Том взял курс на восток и сказал, что будет так держать, покуда мы не позавтракаем. Профессор припас всего, чего только можно пожелать, — лучше не бывает. Правда, не хватало молока для кофе, но зато была вода и вообще все что угодно — печка и все, что полагается к ней; трубки, сигары и спички, вино и водка, — ну да это не по нашей части, — книги, морские и всякие другие карты, и даже гармоника; и еще меха, одеяла, и без счета всякой дряни вроде медных бус и украшений. Том сказал, будто это верный признак, что профессор собирался лететь к дикарям. Были и деньги. Да, профессор здорово все устроил.

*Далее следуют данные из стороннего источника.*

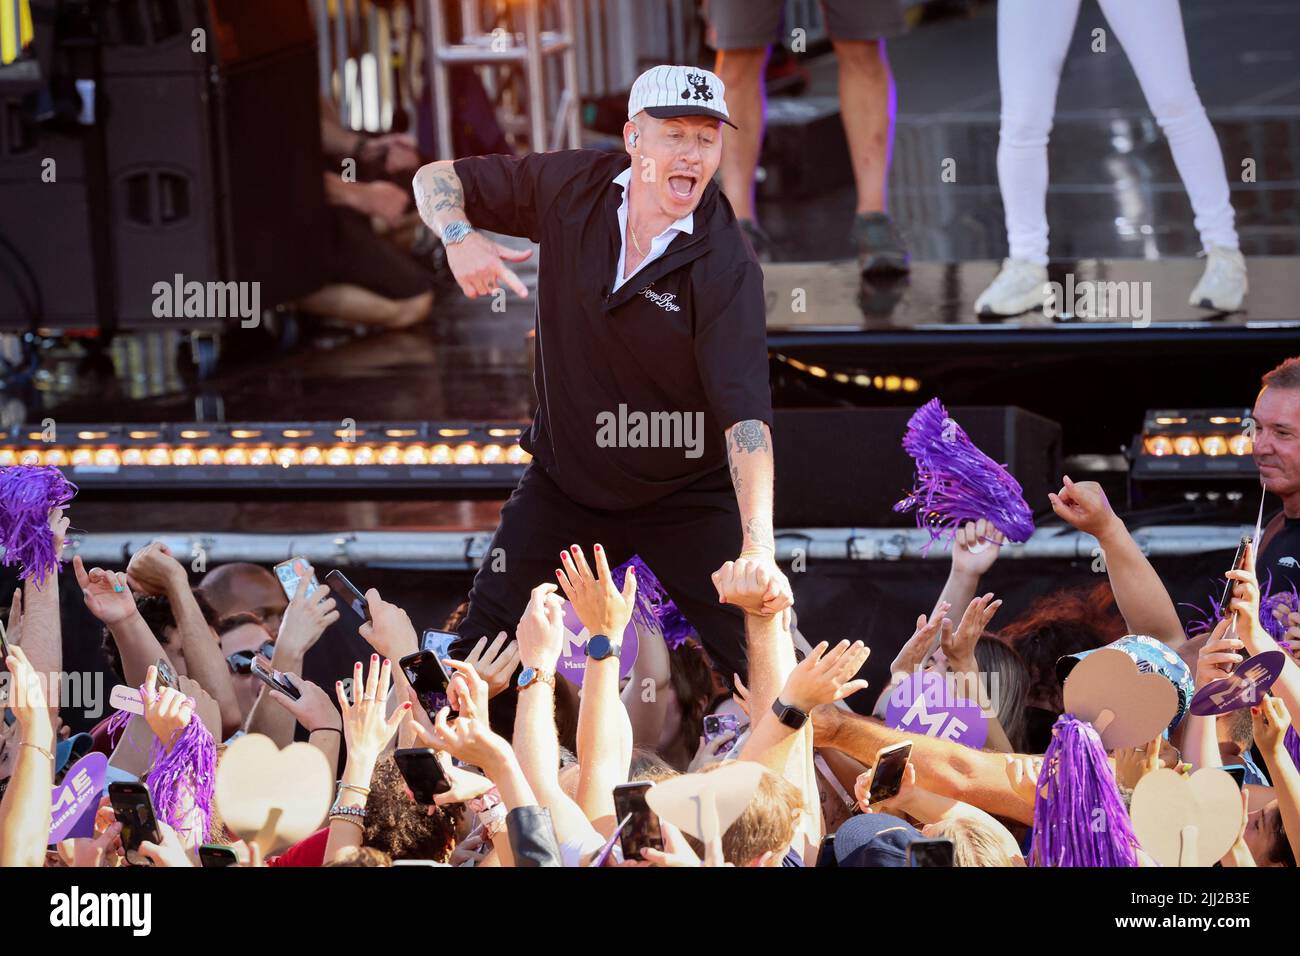 Singer Macklemore crowd surfs during a performance on ABC's 'Good Morning America' show in New York City, U.S., July 22, 2022.  REUTERS/Brendan McDermid Stock Photo
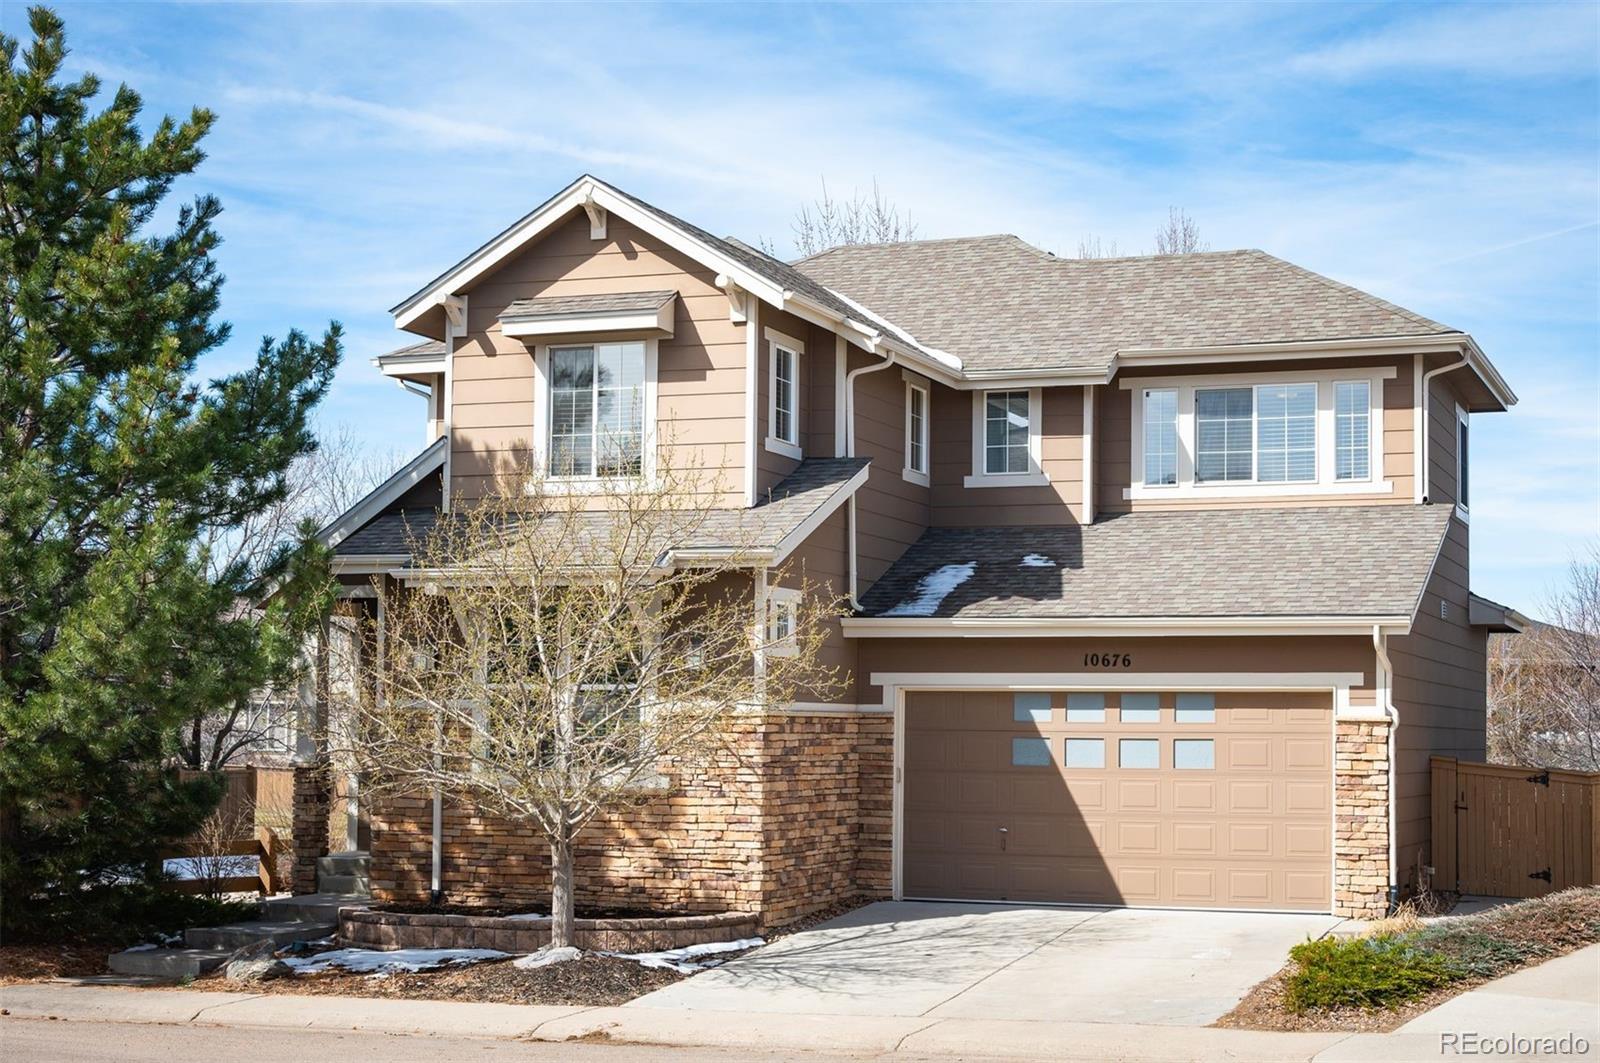 10676  riverbrook circle, highlands ranch sold home. Closed on 2024-05-02 for $700,000.

После завтрака Том научил меня и Джима управлять шаром и распределил всех нас на четырехчасовые вахты — так, чтобы мы по очереди сменяли друг друга. Когда вахта Тома кончилась, его сменил я, а он нашел среди вещей профессора перо и бумагу и принялся писать письмо домой тете Полли. В письме он подробно рассказал все, что с нами было, пометил его: «В Небесной Тверди, близ Англии», сложил, запечатал красной облаткой, надписал адрес, а сверху большими буквами вывел: «От Тома Сойера-Эрронавта». То-то, говорит, обалдеет Нат Парсонс, почтмейстер, когда увидит в своей почте такое письмо.

— Том Сойер, — говорю я, — ведь это вовсе не твердь, а шар.

— А кто сказал, что это твердь, чудила?

— Сам же ты на письме написал.

— Ну и что ж? Это вовсе не значит, что шар — это твердь.

— А я думал, что значит. Ну ладно, а что же тогда эта «твердь» означает?

Гляжу — он вроде смутился. Начал он рыться у себя в памяти, да, видно, не нашел там ничего подходящего и говорит:

— Не знаю я, да и никто не знает. Это просто слово — очень хорошее слово, и все тут. Немного найдется на свете слов лучше этого, пожалуй их и вовсе нет.

— Ишь ты! — говорю. — Ну а что же оно значит? В чем его суть-то?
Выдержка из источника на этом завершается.